Say you have Earth's mass as $M$ and your object's mass and distance from Earth is $m$ and $r$
Using Newtonian gravity we have the Force experiences by the object to be $F_g = \frac{GMm}{r^2}$ where $G$ is a constant.
Now the force experienced by earth due to the object's mass is $F_{g2} = \frac{GMm}{r^2}$
Acceleration of both objects, $F_1 = ma_1 \to \frac{GMm}{r^2} = ma_1$ so $a_1 = \frac{GM}{r^2}$
$F_2 = \frac{GMm}{r^2} = Ma_2 \to a_2 = \frac{Gm}{r^2}$
The acceleration that the earth experiences is negligible in comparison. The acceleration the object experiences is only due to Earth's mass.
(Note that for considerably large objects the acceleration due to the object's mass would make it seem like the object is accelerating quicker towards Earth than other objects because Earth is moving towards the object fairly quickly too)

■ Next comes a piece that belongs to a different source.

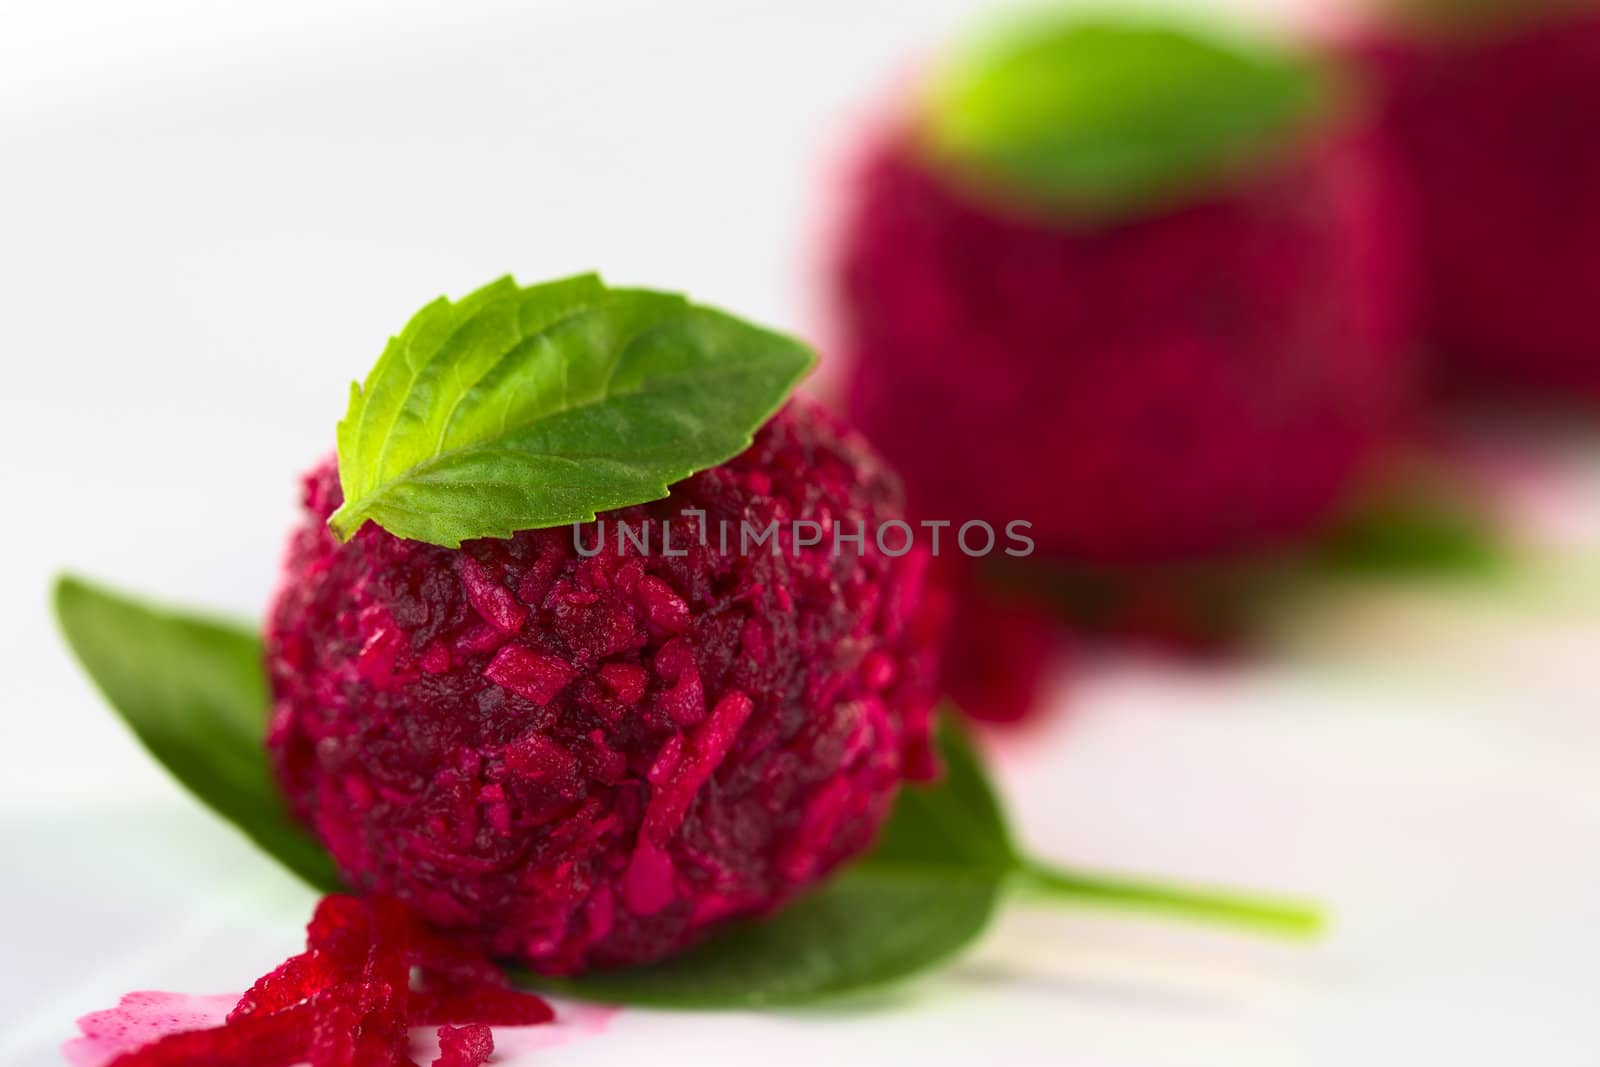 Beetroot coconut balls garnished with basil leaves (Selective Focus, Focus on the front of the first ball and the front of the basil leaf on top)

If inertial mass $F = ma$ was different from the gravitational mass you would just have a different acceleration for each object BUT every object would still be accelerated at the same magnitude.
ex: $m_g = \frac{m_i}{2}$ then $F_g = \frac{GMm_g}{r^2} = m_ia$ so that $a = \frac{GM}{2r^2}$ and you'd have halved acceleration.